My name’s Donald – I make and tell stories. I was a theatre technician for a few years before training as an actor and theatre maker between Rose Bruford College in London and ESAD de Murcia in Spain where I encountered experimental, collaborative, exciting approaches to theatre making. Since then I’ve been building on a series of roles in creative projects up to a point where I felt like I wanted to take a lead on something that was my own.
Hello I’m Grace! I’m originally from Reading and I first moved to Exeter to study English Literature at uni. I then moved to London to study acting at drama school, graduating just before the pandemic – great timing! At the start of 2021, I moved back to Exeter and joined the Futures Programme. Before then, my experience was mostly music based – producing gigs and community music projects for the choir I was in, as well as several acting projects during my time at drama school.
WHAT MADE YOU DECIDE TO APPLY TO THE PROGRAMME?
Donald: The Futures programme came into play, offering a network of support and creative development sessions that might be the guiding hand I needed to reach that point in my career where I could be confident leading an artistic project. It came at a similar time as when I was looking back at a note in one of my notebooks from when I was living in London – an idea for a story that simply said “2021: 60 years since Yuri Gagarin orbits Earth”. The Artists’ Programme seemed to be offering the time and support that might enable me to launch into that story.
Grace: The Producers Course offered me the perfect opportunity to connect with other South West based Creatives, as well as learning about a side of the Arts that was pretty new to me. I’ve always been really interested in business, and so Producing gave me the chance to combine that commercial aspect with my love of the Arts.
If I came with a spark, the Futures programme was the kindling. So if you have your own spark, maybe it’s worth giving the Futures programme a go.
What did it mean to you to be selected for the programme?
It meant the world! When I was at drama school, I was often discouraged from pursuing the things I was interested in, such as comedy. Then graduating straight into the pandemic – I felt a bit lost about what the right next step was. The Futures Programme gave me the opportunity to take control of my career, pursue the areas I was interested in and build connections with the people who would be able to help me do that.

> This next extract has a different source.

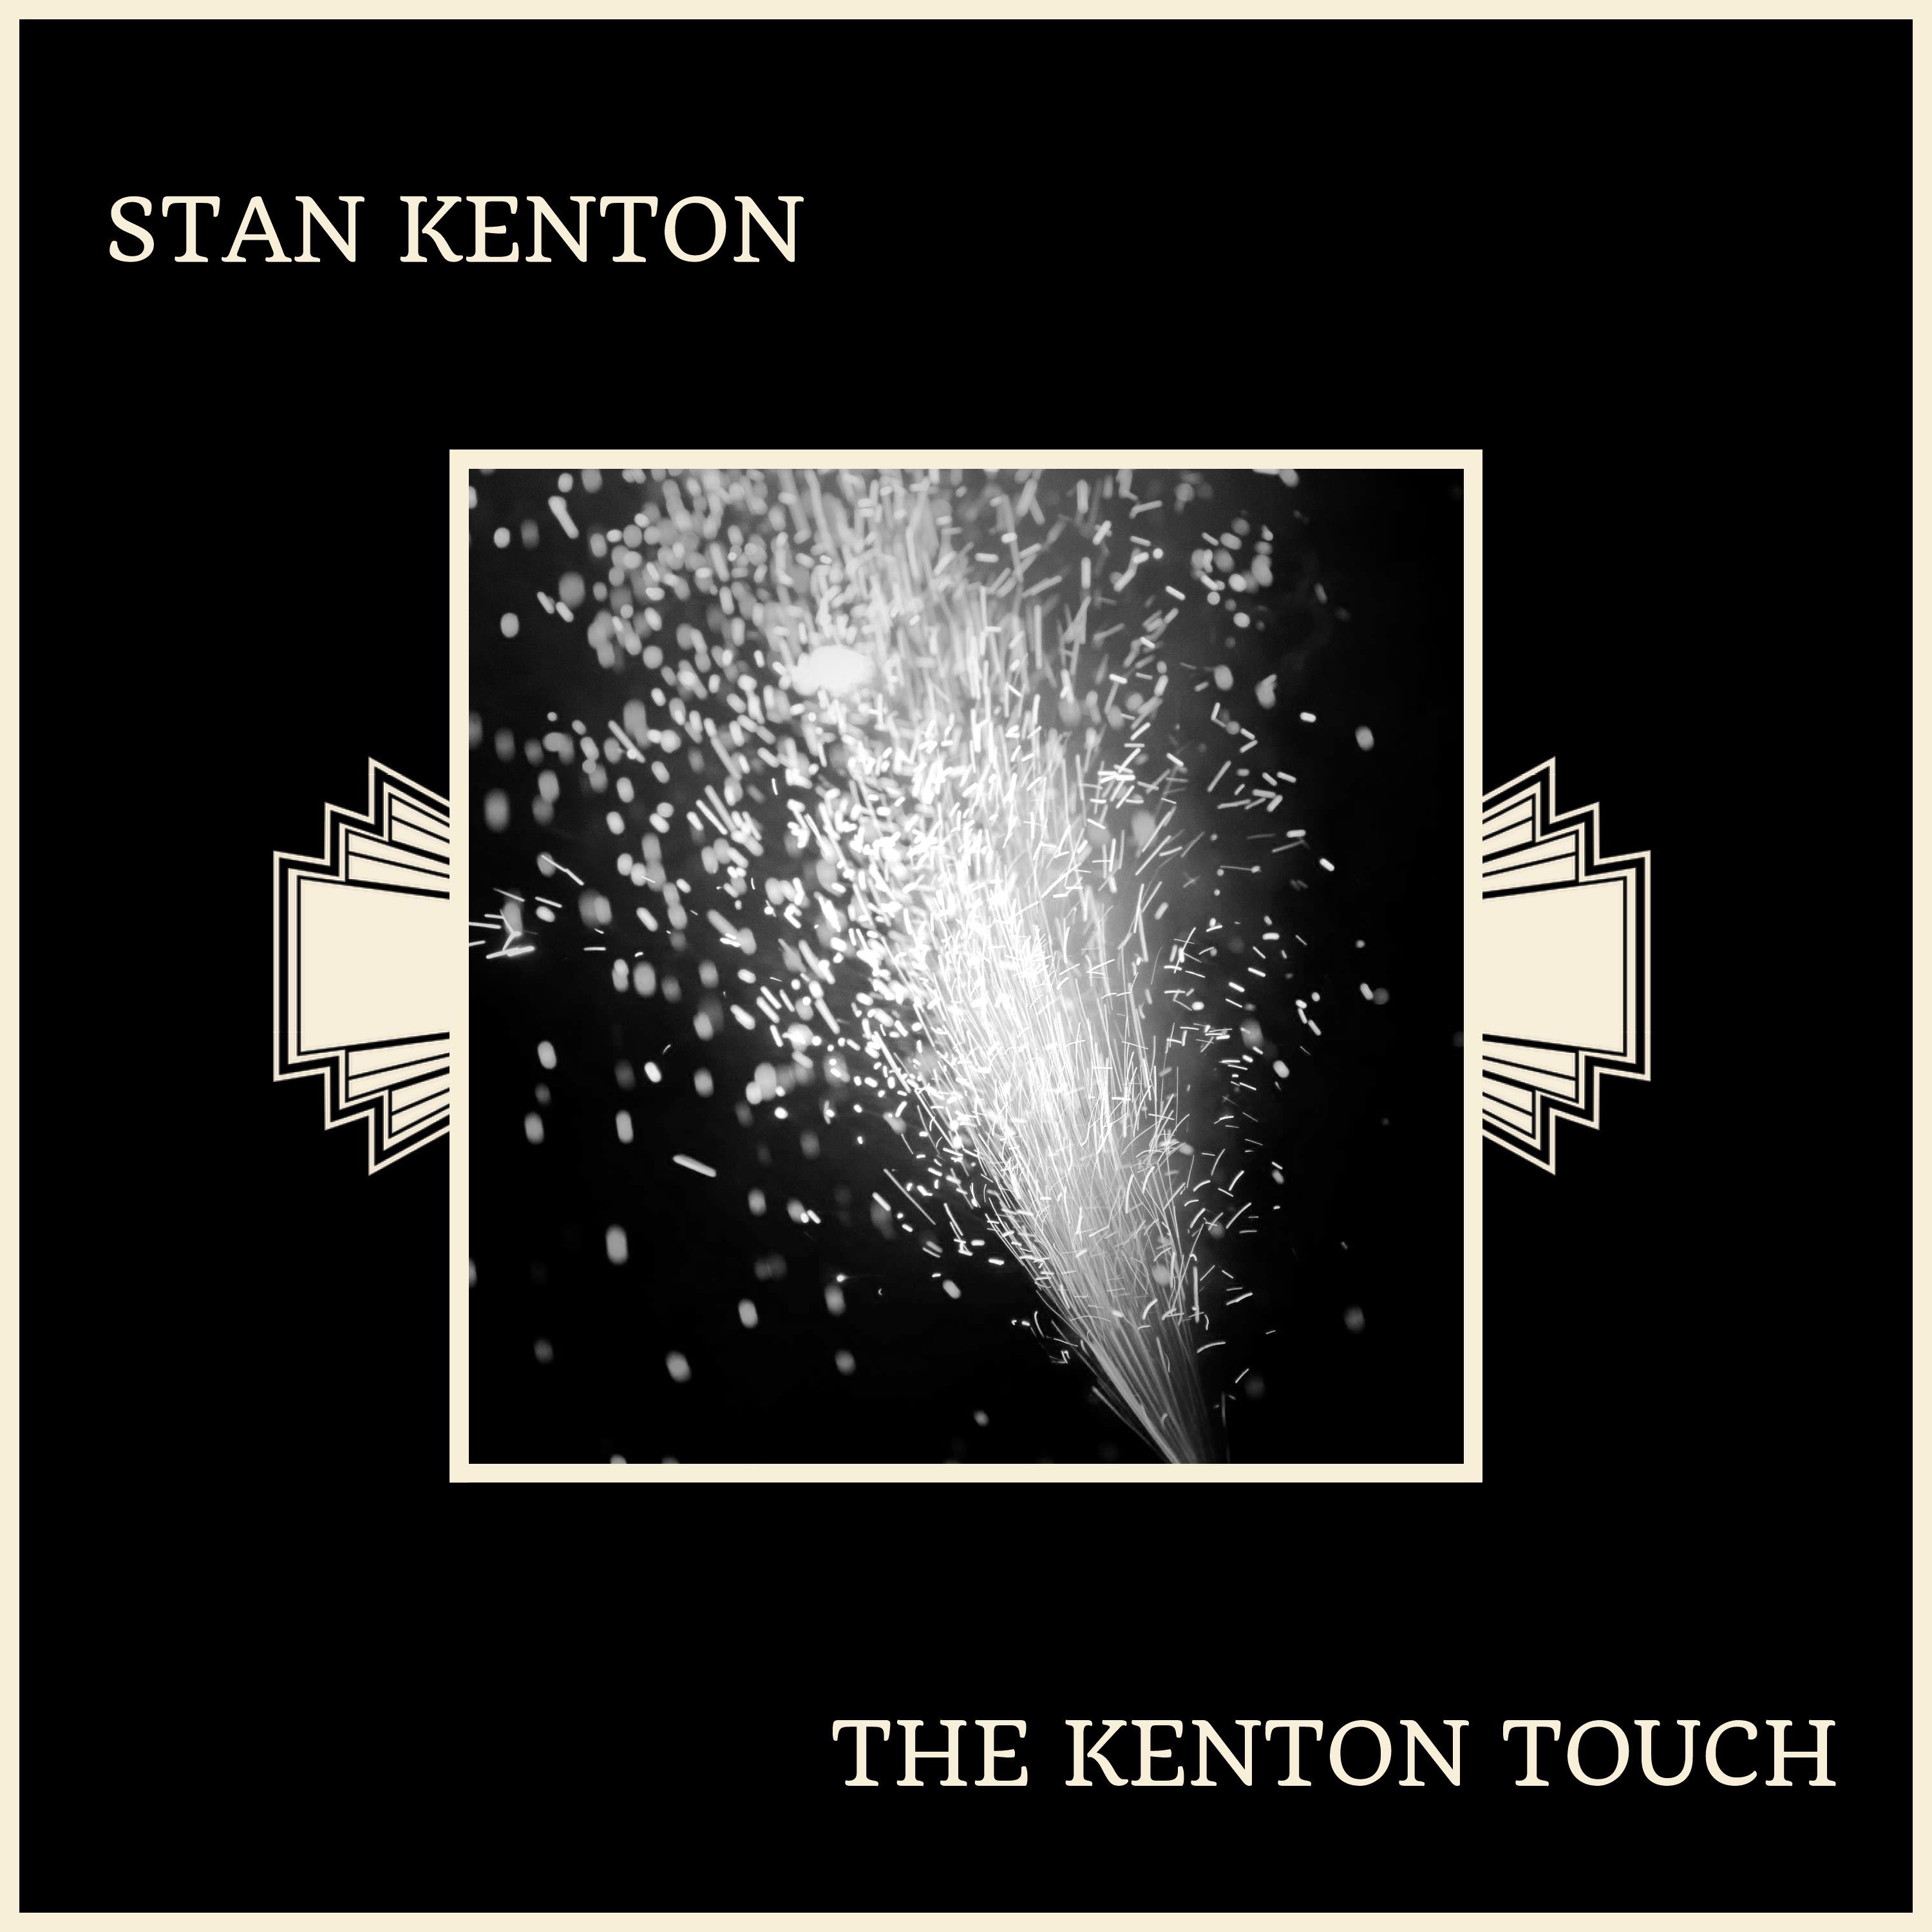 The Kenton Touch

What’s the number one thing you learned through the programme?
My favourite sessions are always the creative ones, but perhaps the most useful were sessions on the nuts and bolts of production development. Building a supportive team and devising an inventive story is a slightly different skillset to, for example, securing a funding application and I’ve discovered that I’m not the only artist who has been frustrated by the process.
The programme taught me so much, from how to apply for Arts Council funding to different leadership techniques. However, I think the most important thing I took from the programme was the confidence to trust myself and my instincts.
HOW DID YOU GO FROM PARTICIPATING IN FUTURES TO TAKING PART IN EXETER FRINGE FESTIVAL?
Donald: The Futures Programme is a rare scheme that allows you to discover what it is you’re making at the same time as the people supporting you to make it. And by the time I was coming to the end of the programme I felt like I was in a position where I could articulate what I was doing and what I wanted to do with it next. This opened up the possibility for me to apply to a scheme like the Exeter Fringe R&D programme with Enos… the ideas behind the project were more concrete in my mind than they were a few months earlier.
Grace: During my final year at drama school, I had written a one woman show, Graceless, based on my relationship with my mum. I had always wanted to develop it and see how it would stand up at a fringe festival, but I’d kept putting it off. When I heard about the Exeter Fringe Housewarming event, I knew I couldn’t delay it any longer – this was the perfect opportunity to get the show up on its feet, and I’m so glad I applied! The fringe was such an incredible experience – everyone was so supportive, and it helped me rediscover my love of performing and making people laugh!
If you are considering applying – then go for it, you will have an incredible experience. The course has helped me find confidence, a sense of direction and some brilliant friends! Oh, and make sure you take lots of notes!
HOW ARE YOU LOOKING AT THE FUTURE NOW?
Donald: For me, it’s really useful to have people with their own perspective of how the project has grown and share a curiosity for seeing it continue… With the collaboration of these people I am putting in place a framework for the next phase of Enos’s development, working towards a première for the show. It’s round three of presenting a creative proposal for people to interrogate but I feel much more at ease and prepared for that process after the understanding I’ve gained through the Futures programme about how artists can make things happen. Like Enos’s real journey two-and-a-bit times around the Earth, I hope the story can land somewhere near where it began – in the South West.
Grace: Since being involved with both the Futures Programme and Exeter Fringe, I’m excited about my future career in the Arts. Firstly, I’m planning to develop Graceless further – my mum is offering me more content all the time! So, I’d like to include some more stories and then tour it to fringe festivals around the UK including Edinburgh. I’m also co-producing a fantastic new show ‘Period Dramas’ which is making its debut at Vaults Festival this February and finally, I’m hoping to continue the work that I’ve been doing with the community (young people especially), through the participation team at the Northcott.